Work task:
In the material below, the line holding "The participants are" and every line after it should be reproduced exactly, please, with pictures omitted.
Available data section start
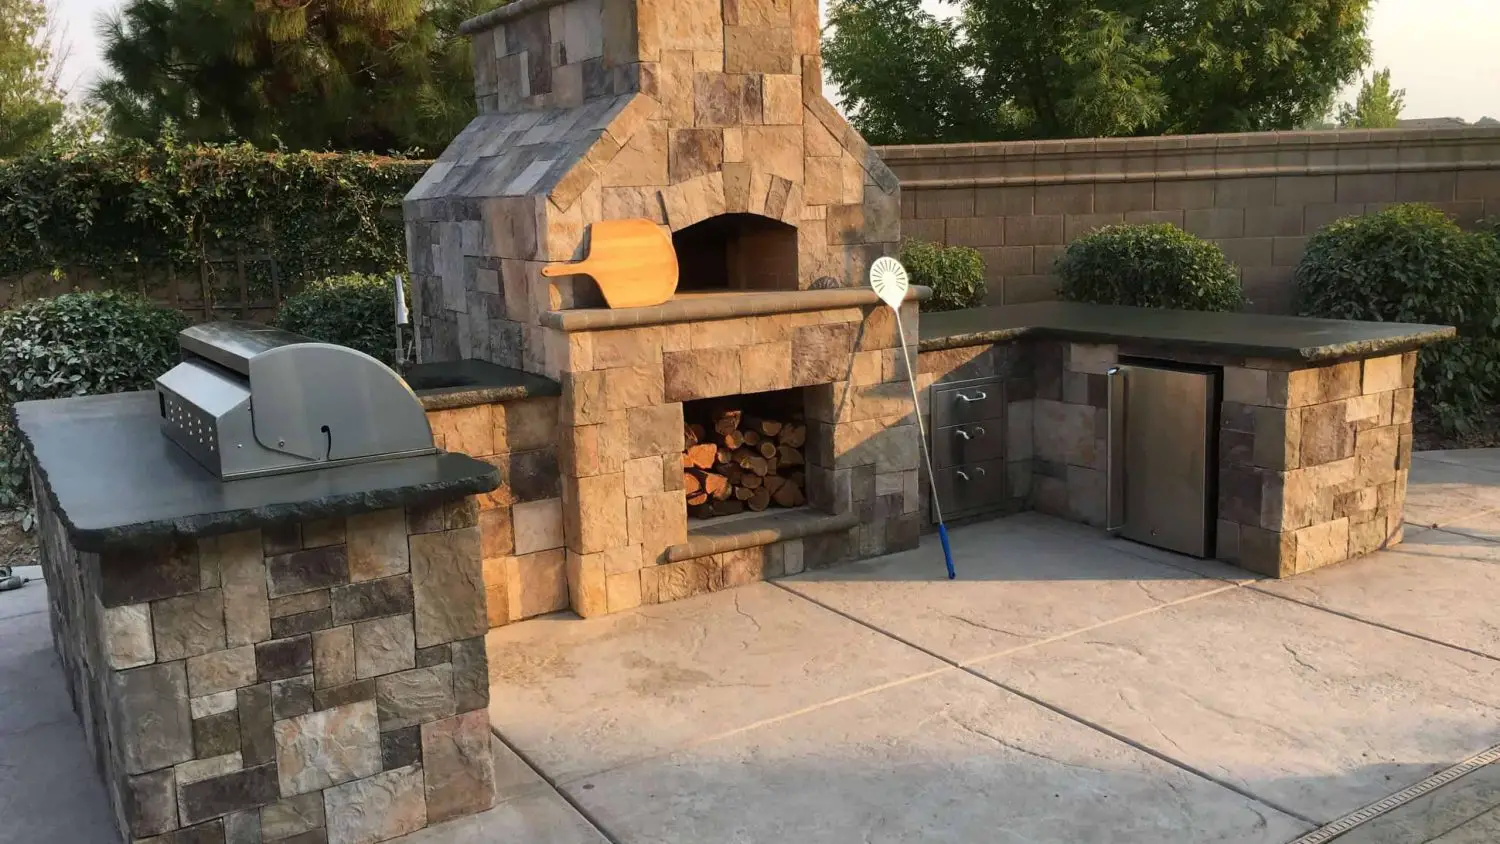 Best Outdoor Pizza Oven: Top 5 Models for Mouthwatering Pizza
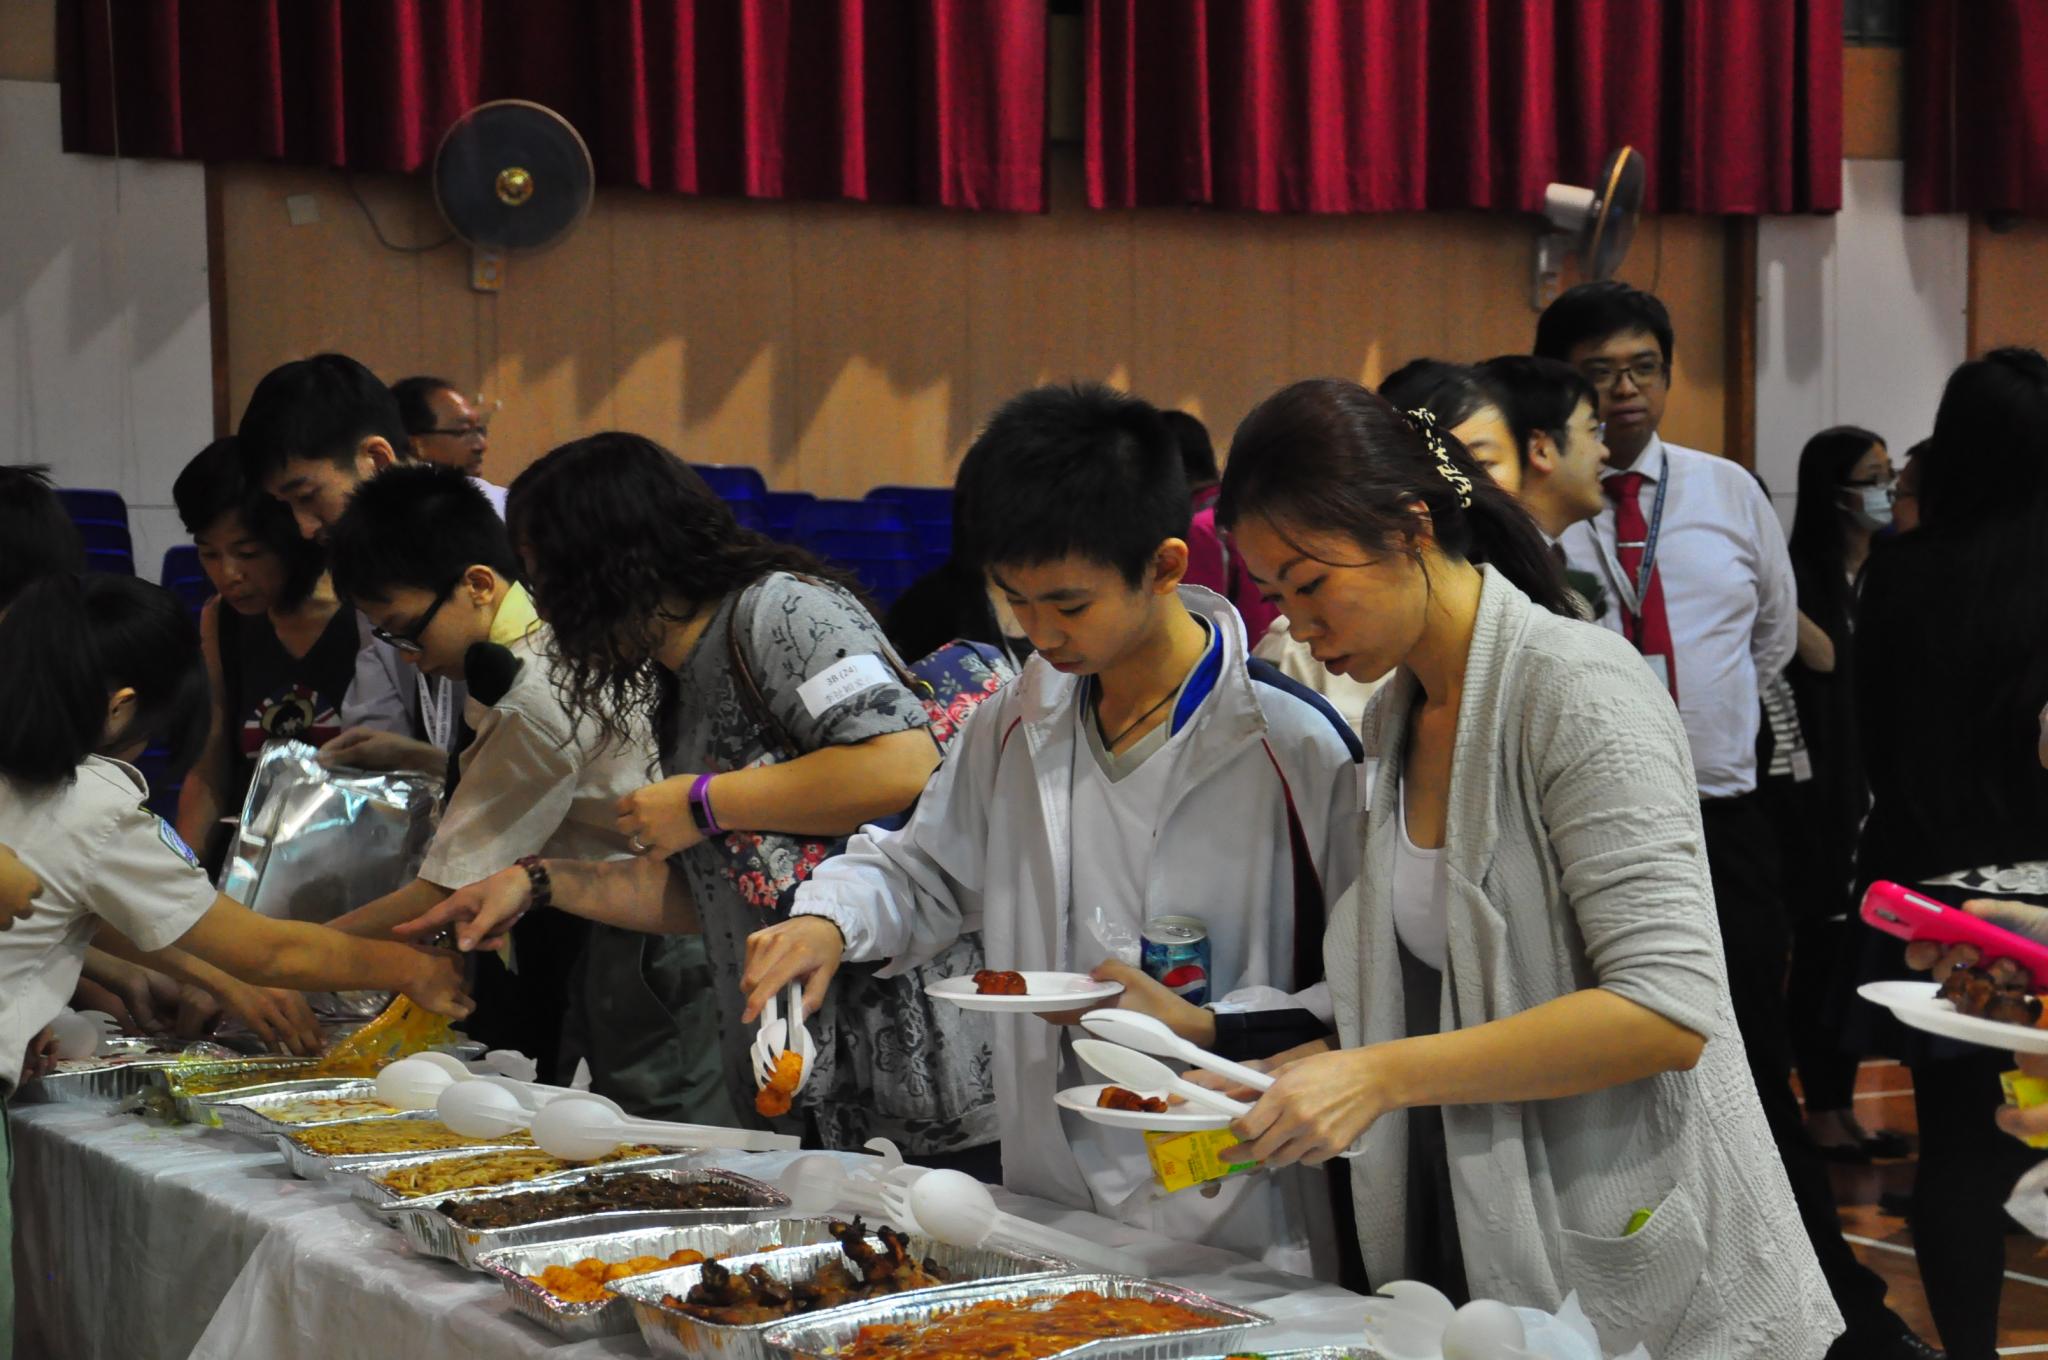 The participants are enjoying the buffet dinner.
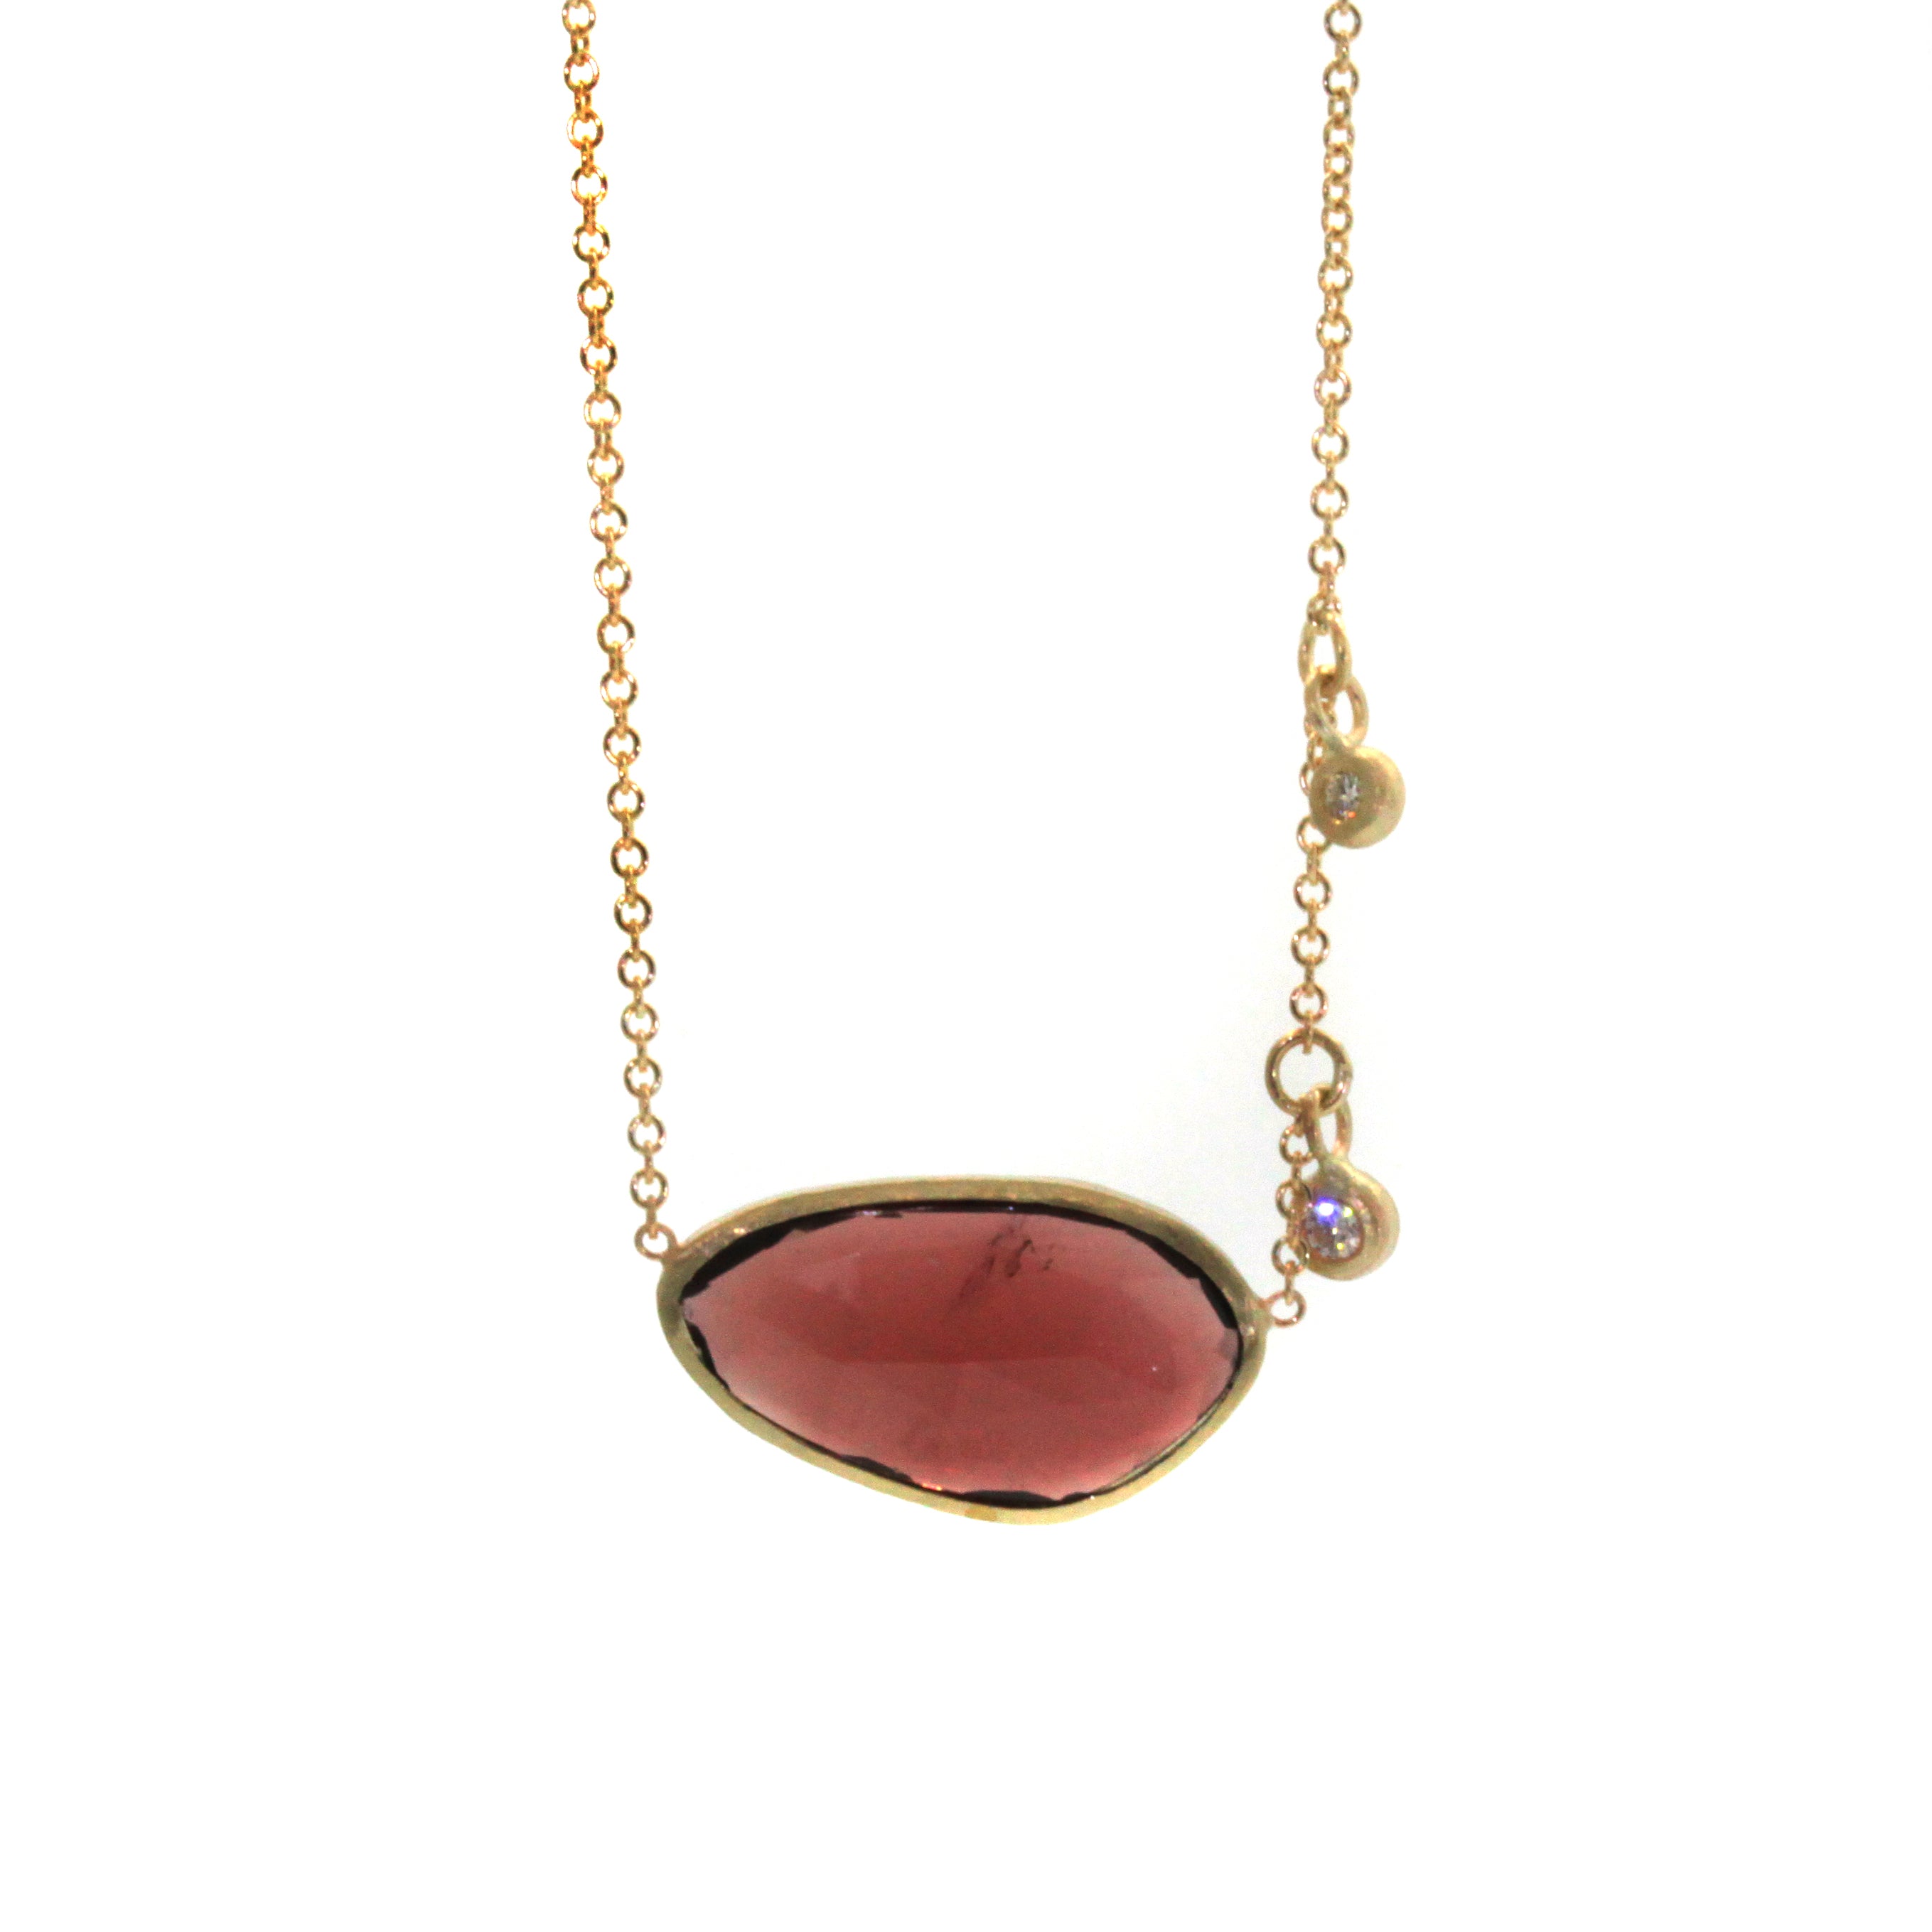 Garnet & Diamond Necklace hand crafted in Houston, Texas by Rebecca Lankford. Each stone is hand picked and individually set upon order of necklace.
Available data section end
Worked solution:
 The participants are enjoying the buffet dinner.
 Garnet & Diamond Necklace hand crafted in Houston, Texas by Rebecca Lankford. Each stone is hand picked and individually set upon order of necklace.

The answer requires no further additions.